Work instruction:
From the line containing "Low Carb Yeast" to the line containing "ClearOne comm XAP" in the records below, set down every line exactly as it stands, both ends included, and skip the pictures.

Material to process:
________
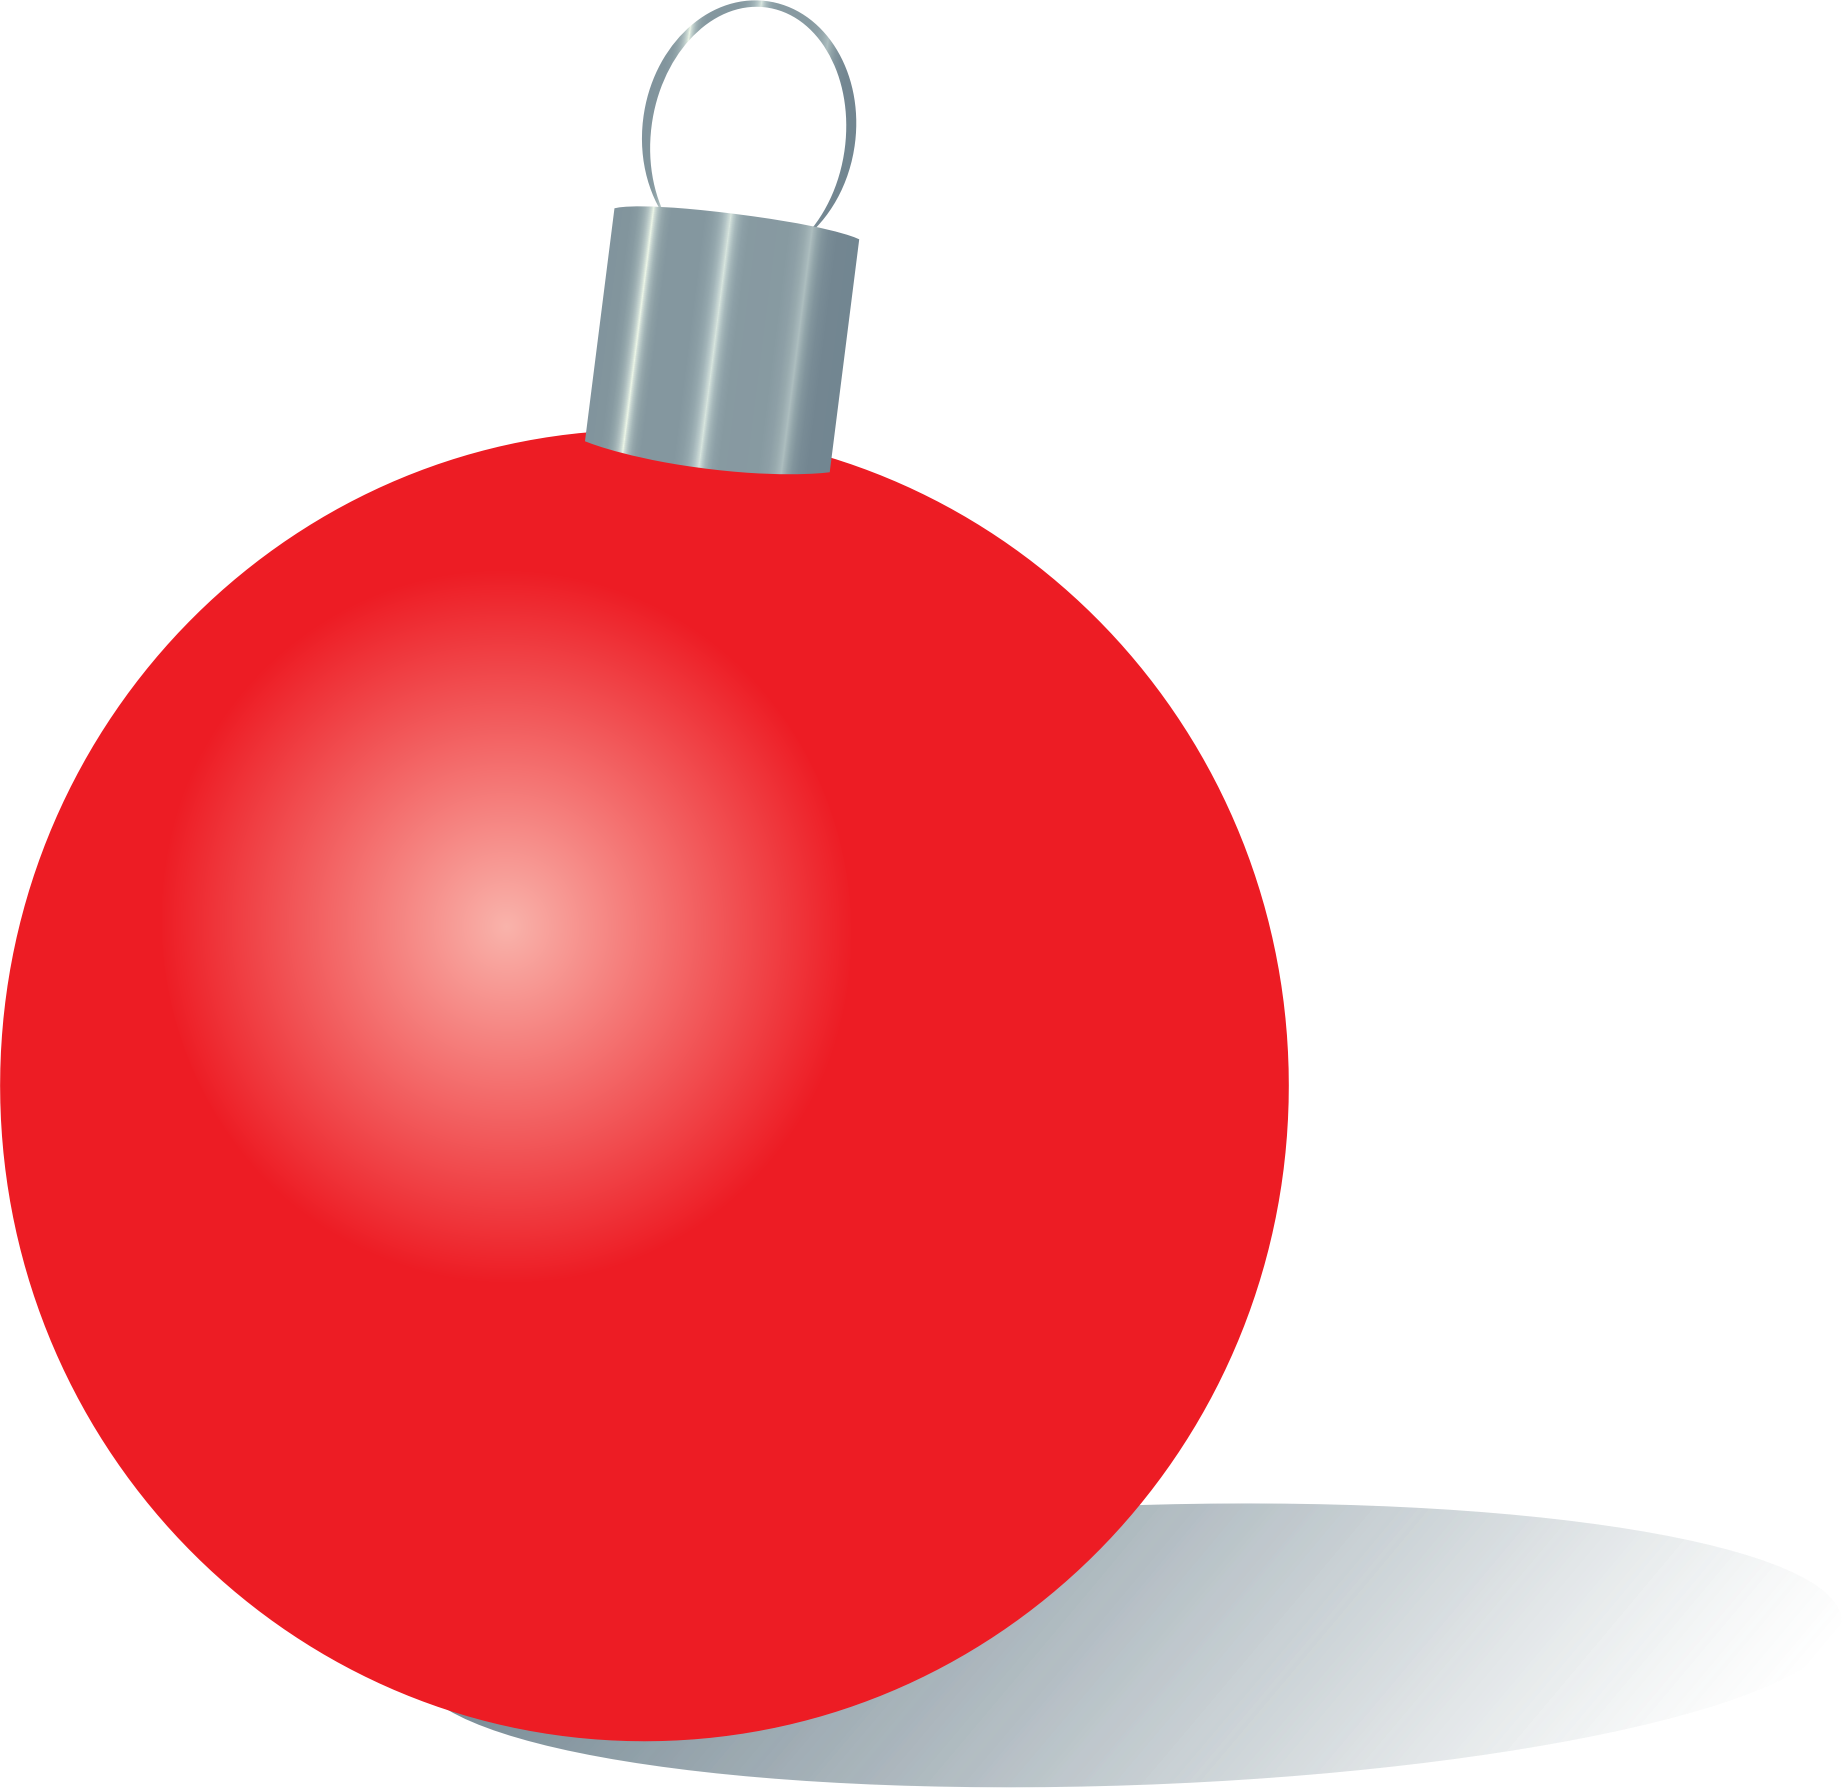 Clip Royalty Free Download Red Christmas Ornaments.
________
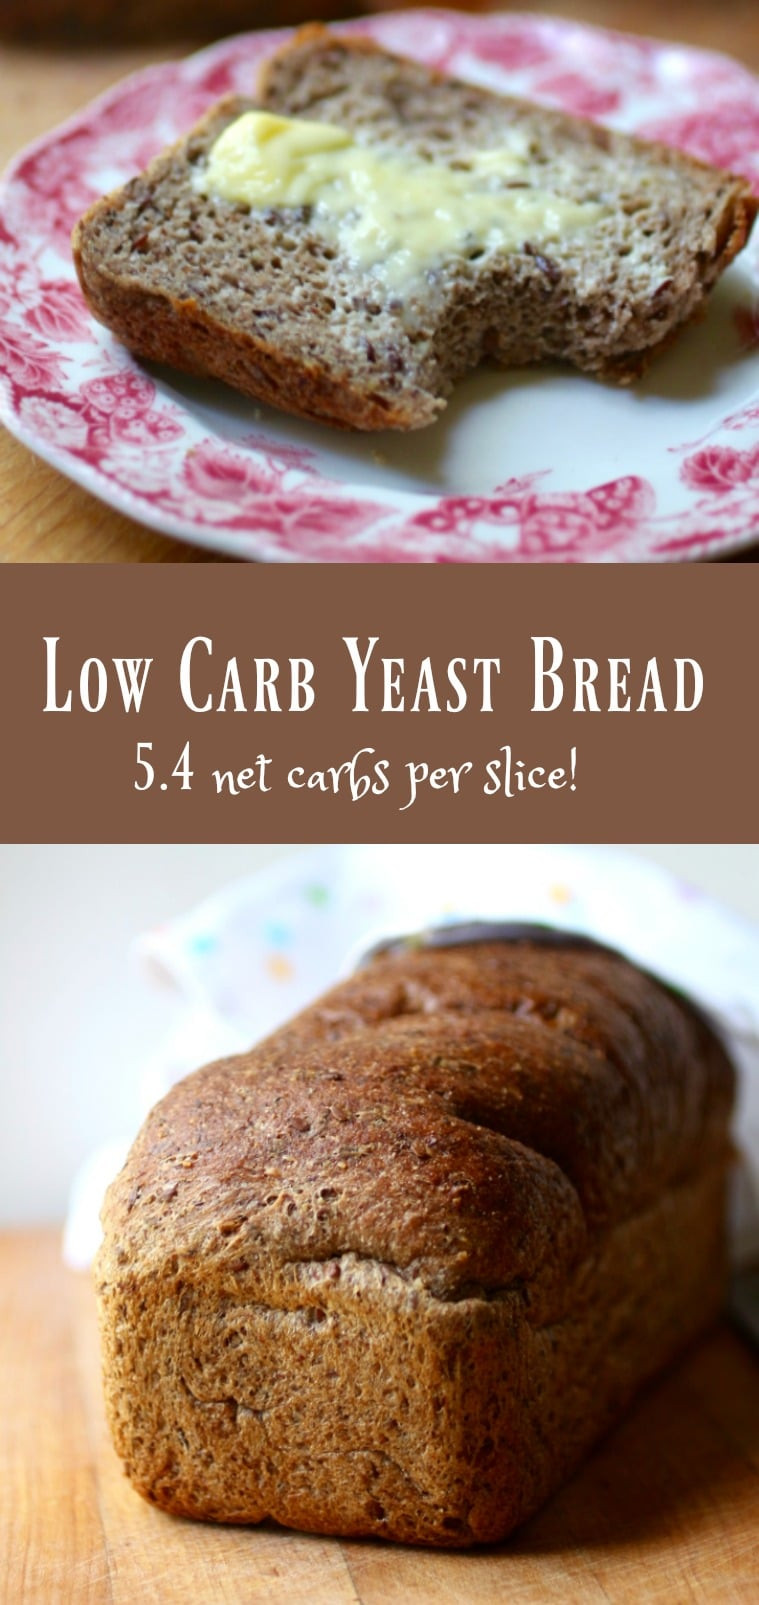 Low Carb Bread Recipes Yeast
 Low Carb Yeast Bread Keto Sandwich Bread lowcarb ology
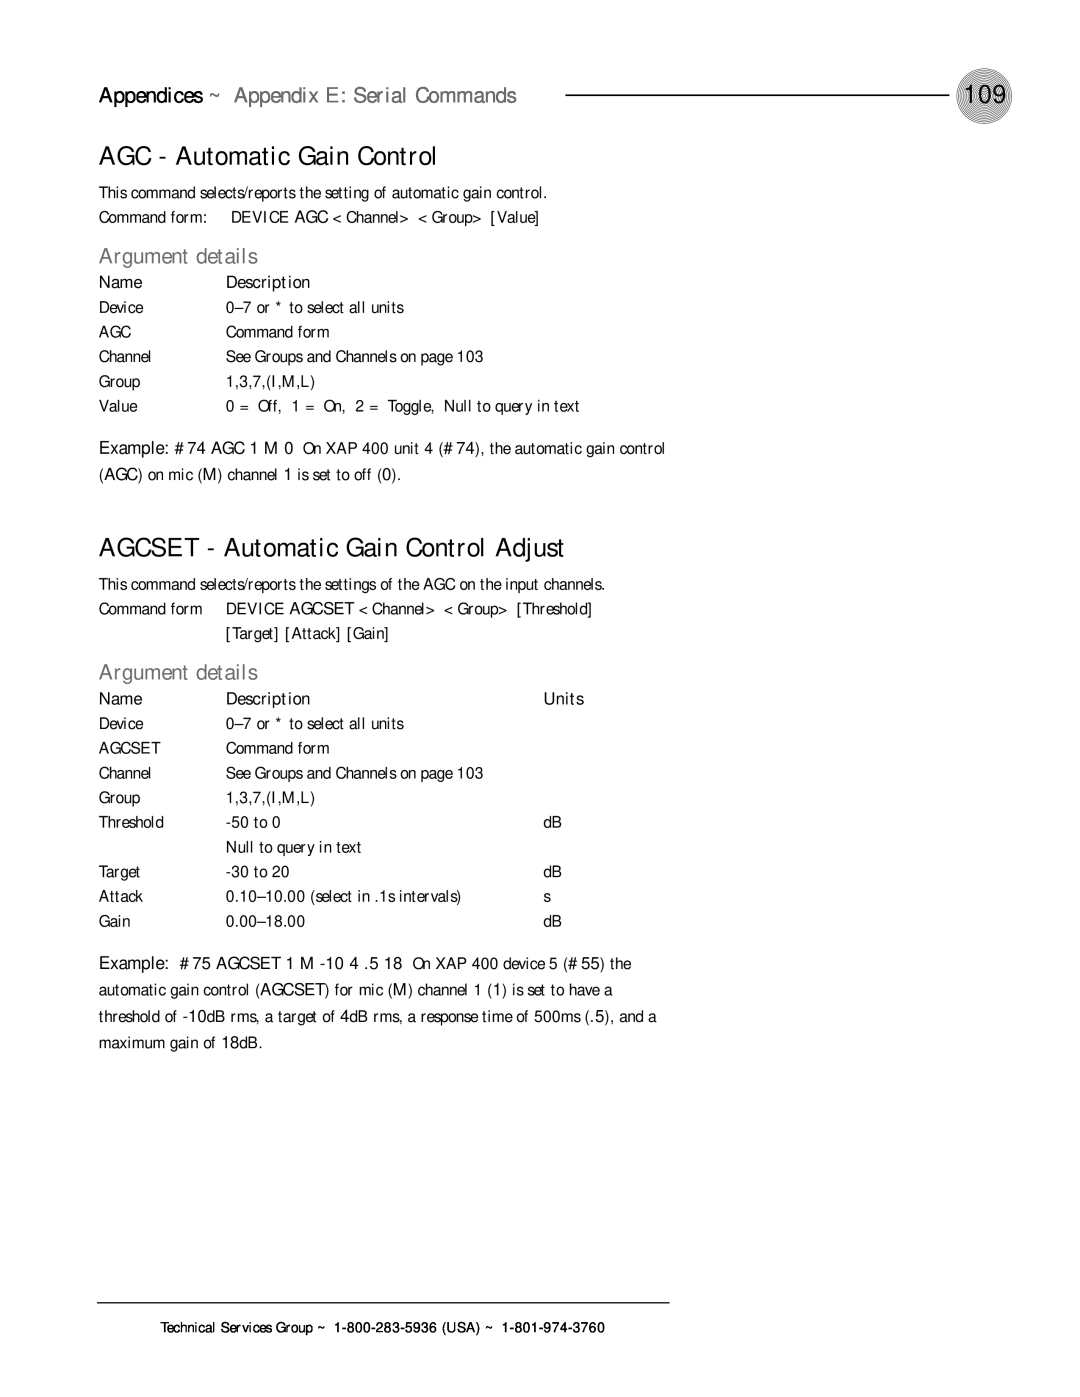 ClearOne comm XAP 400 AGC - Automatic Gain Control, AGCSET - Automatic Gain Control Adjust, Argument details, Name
________
Answer for the task:
 Low Carb Yeast Bread Keto Sandwich Bread lowcarb ology
 ClearOne comm XAP 400 AGC - Automatic Gain Control, AGCSET - Automatic Gain Control Adjust, Argument details, Name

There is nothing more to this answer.